The law does not provide expressly for exemptions concerning the disclosure obligation. However, generally, when a franchisee knows the franchising system because, for example, it already has other franchising shops with the same franchisor concerning the same activity, the parties may agree that the disclosure is not necessary.

Section 8 of the Franchising Act provides that if one party has supplied false information, the other party may ask for the annulment of the agreement under Section 1439 of the Italian Civil Code, and can sue the party for damages, if appropriate. Similarly, the franchisee may seek to obtain the annulment of the agreement if the franchisor breached the disclosure obligation.

Choice of law

May the parties freely choose the governing law of the franchise agreement?

The parties can freely choose the governing law of the franchising agreement. Where the parties do not indicate the governing law, the law of the country where the franchisee has its habitual residence usually applies. It is however advisable to specify the governing law in the franchising agreement so as to avoid any risk of contestation if disputes arise.


What fees are typically charged under a franchise agreement?

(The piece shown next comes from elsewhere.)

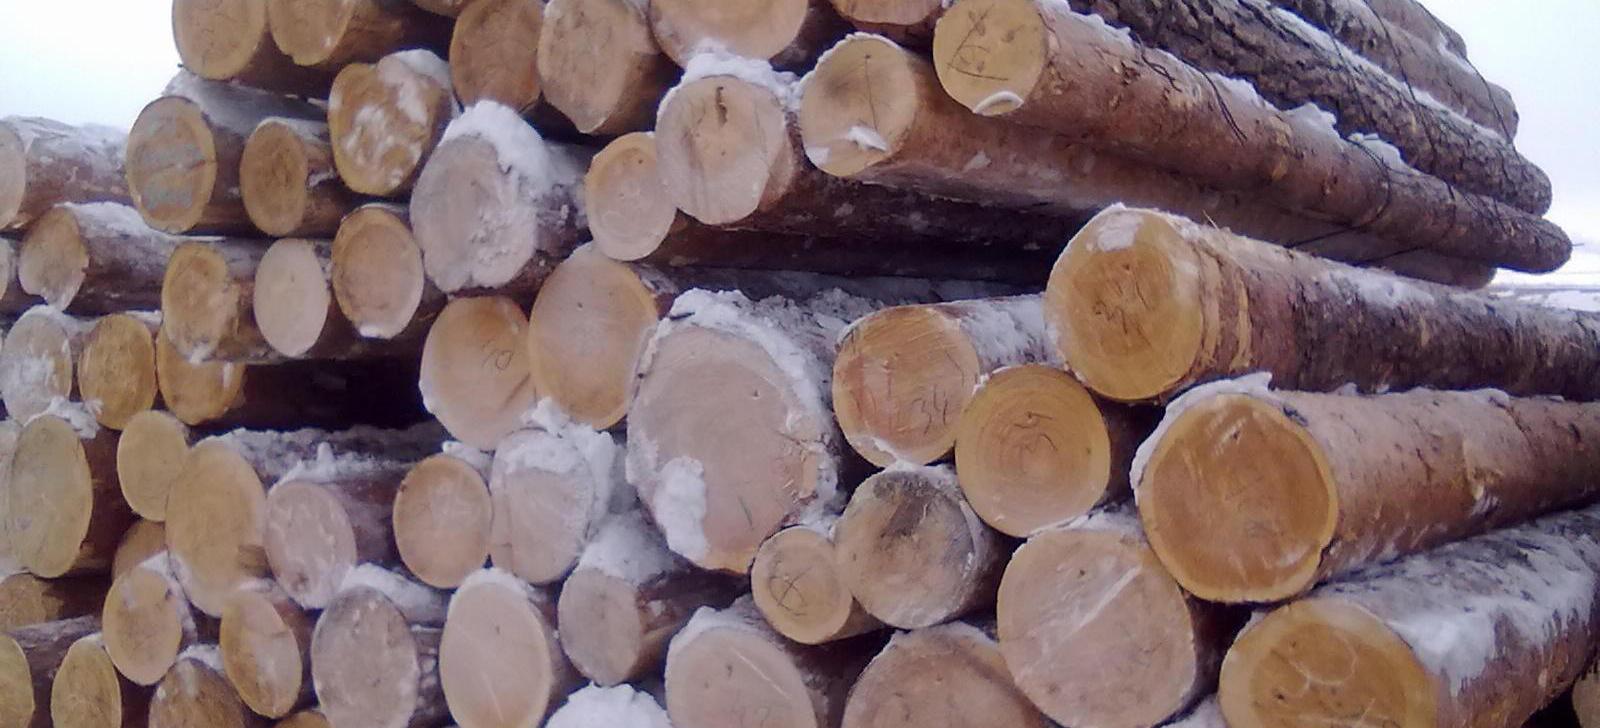 年后原木市场怎么样?

According to Section 3 of the Franchising Act, the franchising agreement must also expressly indicate:

  • the sums related to the initial investments and other entry fees payable by the franchisee in order to start the franchise business; and
  • the terms of calculation and payment of the royalties.

The entry fee corresponds to the sums related to the initial investments and other fees payable by the franchisee in order to start the franchise business. Royalties are either a percentage required by the franchisor from the franchisee and related to the business turnover of the franchisee, or a fixed rate payable in installments at regular intervals.

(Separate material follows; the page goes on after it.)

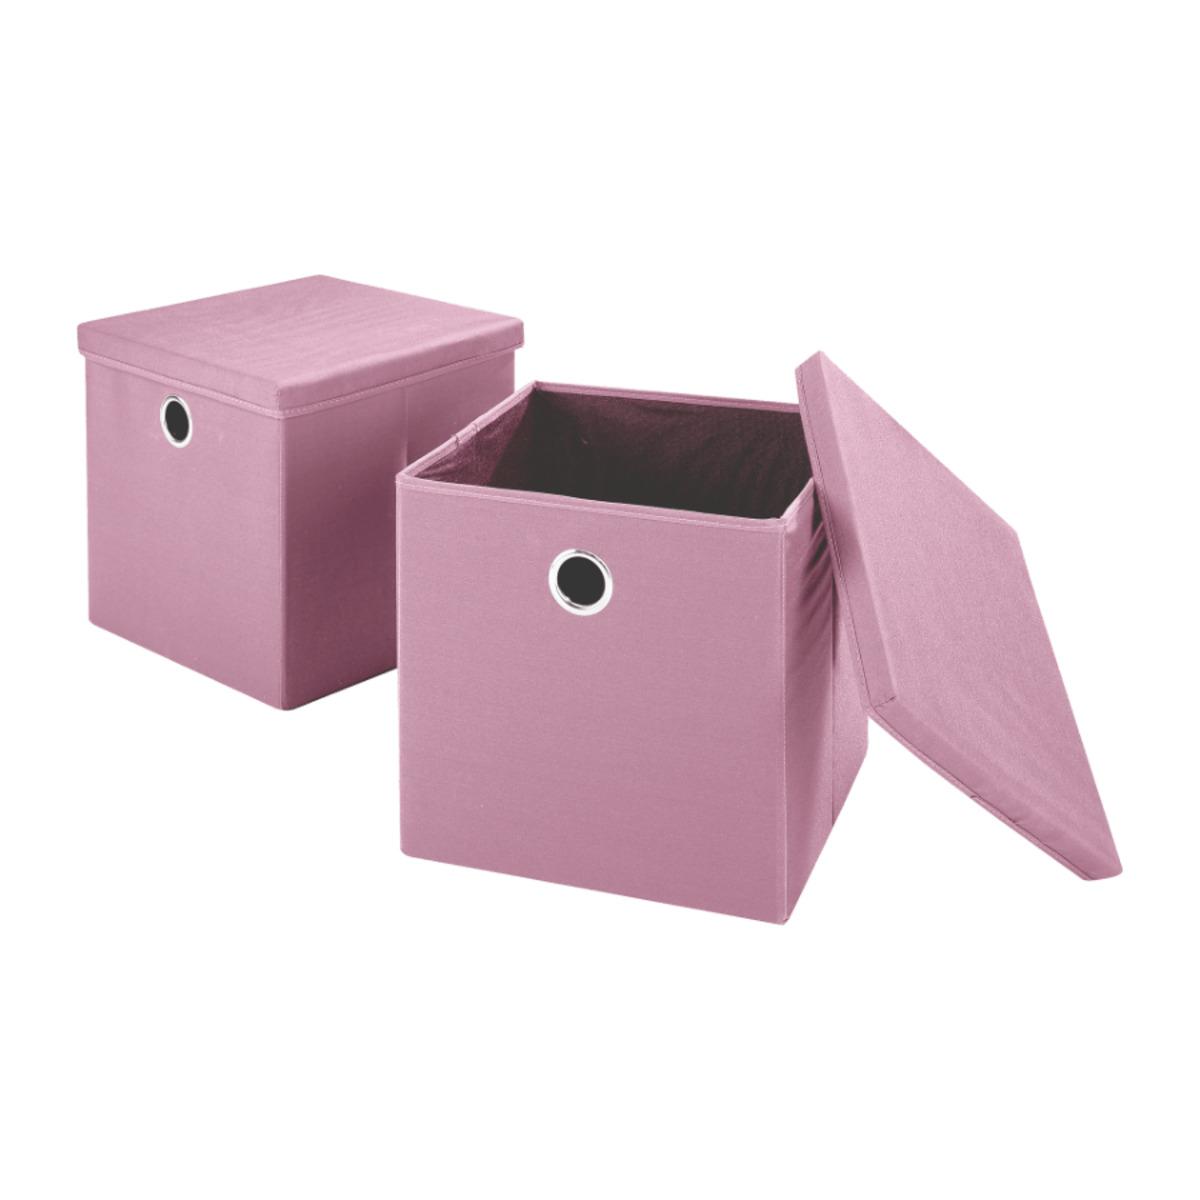 Bild 4 von HOME CREATION     Aufbewahrungsboxen

Do franchisees have a right of renewal?

Although there is no legal obligation for the franchisor to renew the franchise agreement, it is nevertheless mandatory under Section 3.4(g) of the Franchising Act to include renewal conditions in the agreement. It is therefore necessary to specify clearly such conditions in the contract.

On what grounds may a franchisor refuse to renew?

Provided that the renewal conditions are set forth in the agreement, franchisors generally refuse to renew because of the poor experience they have had with the franchisee. This may be because the franchisee breached the provisions of the agreement, or failed fulfil its obligations to pay the royalties or other amount due. Another reason may be that the franchisee did not meet the franchisor’s expectations.

How are renewals of franchise agreements usually effected? Do any formal or substantive requirements apply?

The parties are free to determine the renewal conditions. If the parties decide to renew the agreement, they are free to change some conditions provided in the franchising agreement. For example, the franchisor can increase the amount of the royalty, or change the targets to reach.


On what grounds may a franchisor terminate a franchise agreement? Are any remedies available to franchisees in this regard?

A franchisor may terminate a franchising agreement in case of default or non-performance by the franchisee of its contractual obligations. If the breach is considered serious, termination is usually granted to the franchisor. A ‘serious breach’ could be a default in payment of the fees or royalties, the violation of any exclusivity rights on the product or the non-compliance with the franchisor’s standards. Since these breaches can be subject to interpretation, the agreement should list clearly the situations in which the franchisor can terminate the franchise relationship. The franchisee should in turn be fully aware of its obligations under the franchising agreement, so as to avoid the risk of termination. However, where the franchisee deems that the franchisor terminated the agreement unlawfully, it can challenge the termination before a court, preferably after first trying to find a settlement with the franchisor.